Acromegaly is a rare condition with prevalence rates of 60 per million population. The condition can cause significant morbidity and mortality but may present with vague features; therefore a high index of clinical suspicion is warranted. The average delay in diagnosis after onset of the disease is about eight years. It can cause hypertension and disorders of glucose metabolism, which are increasing in prevalence, as well as soft tissue enlargement, which may take years to be noticed. The increasing use of imaging techniques has invented a new disorder—the incidentaloma. When incidentalomas are found in the pituitary, a thorough history and examination is required with relevant biochemical tests. The biochemical diagnostic criteria for acromegaly have changed over the past decade, bringing the GH diagnostic threshold to lower levels. The advent of better and more sensitive GH assays and better imaging have helped to diagnose more subtle forms of the disease, which would not have been picked up earlier, and may therefore hopefully reduce morbidity and mortality. Furthermore, newer treatment options, whilst expanding the therapeutic armour, also pose a challenge to the treating endocrinologist in deciding what best suits the patient.

Key Learning Points

  • Acromegaly is a rare but easily diagnosed condition that can cause significant morbidity and mortality.
  • Increasing use of imaging has led to an increase of incidental findings—the “incidentaloma”.
  • Symptoms of acromegaly may persist for many years before the diagnosis is made.
  • Newer modalities of GH assays and treatment have led to earlier diagnosis and may reduce symptoms and mortality.

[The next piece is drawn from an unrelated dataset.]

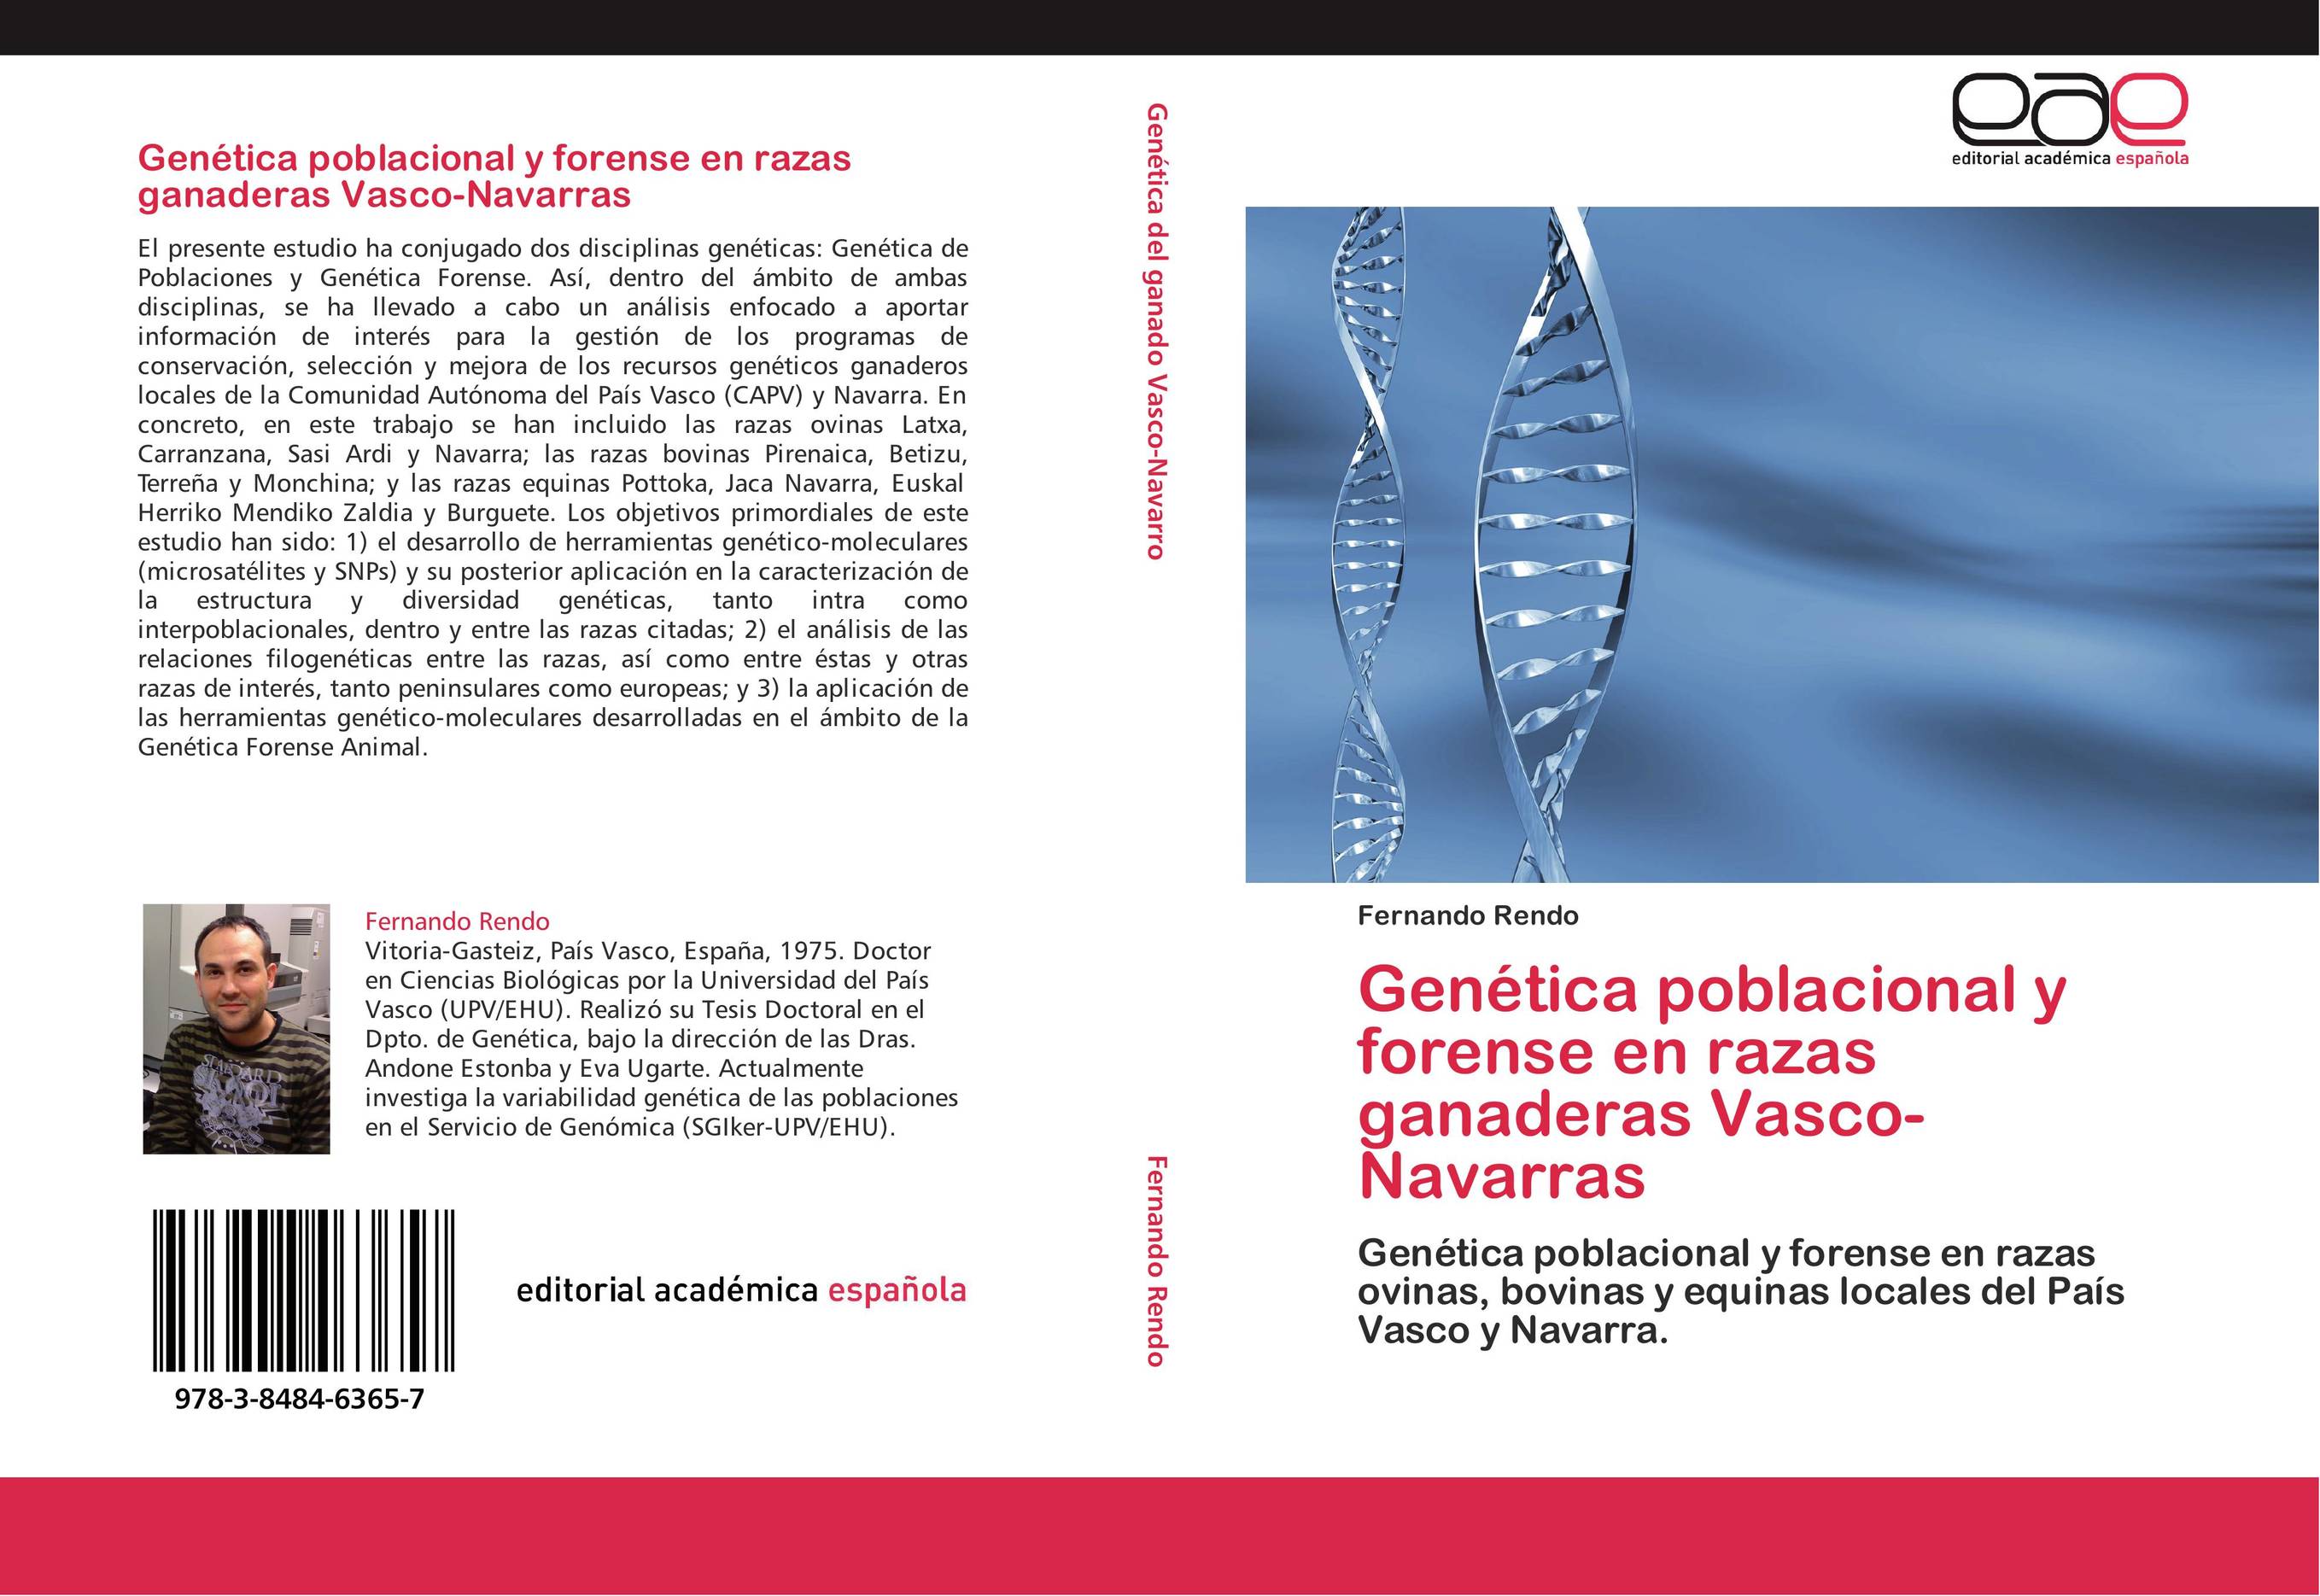 Genética poblacional y forense en razas ganaderas Vasco-Navarras
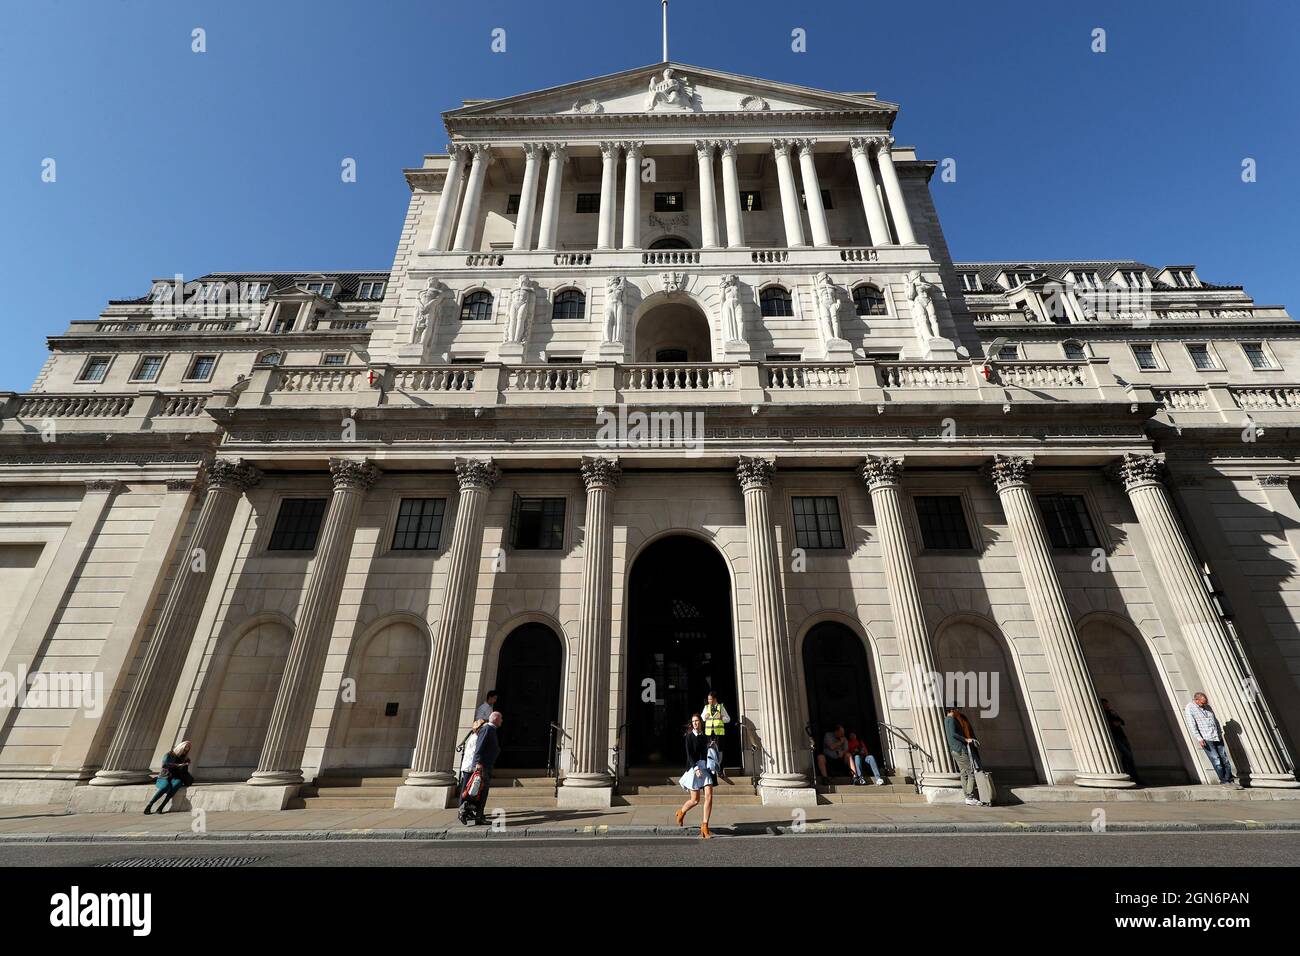 Foto del file datata 20/09/19 della Banca d'Inghilterra, nella città di Londra. La Banca d’Inghilterra si riunirà giovedì per decidere sui tassi di interesse, in quanto è sotto pressione crescente per raffreddare i prezzi in aumento dopo il più grande salto di inflazione per almeno 24 anni. L’ultimo verdetto del Comitato per la politica monetaria (MPC) segue il più grande balzo in avanti dell’inflazione, dal 2% di luglio al 3.2% di agosto, e si presenta tra i prezzi dell’energia in aumento. La Banca dovrebbe mantenere i tassi saldamente in attesa al 0.1% il giovedì. Foto Stock

  1. 1. Duncan E, Wass JA (1999) Investigation protocol: Acromegaly and its investigation. Clin Endocrinol (Oxf) 50: 285–293.
  2. 2. Colao A, Ferone D, Marzullo P, Lombardi G (2004) Systematic complications of acromegaly: Epidemiology, pathogenesis, and management. Endocr Rev 25: 102–152.
  3. 3. Aron DC, Howlett TA (2000) Pituitary incidentalomas. Endocrinol Metab Clin North Am 29: 205–221.
  4. 4. Alexander L, Appleton D, Hall R, Ross WM, Wilkinson R (1980) Epidemiology of acromegaly in the Newcastle region. Clin Endocrinol (Oxf) 12: 71–79.
  5. 5. Holdaway IM, Rajasoorya RC, Gamble GD (2004) Factors influencing mortality in acromegaly. J Clin Endocrinol Metab 89: 667–674.
  6. 6. Melmed S, Casaneuva FF, Cavagnini F, Chanson P, Frohman L, et al. (2002) Guidelines for acromegaly management. J Clin Endocrinol Metab 87: 4054–4058.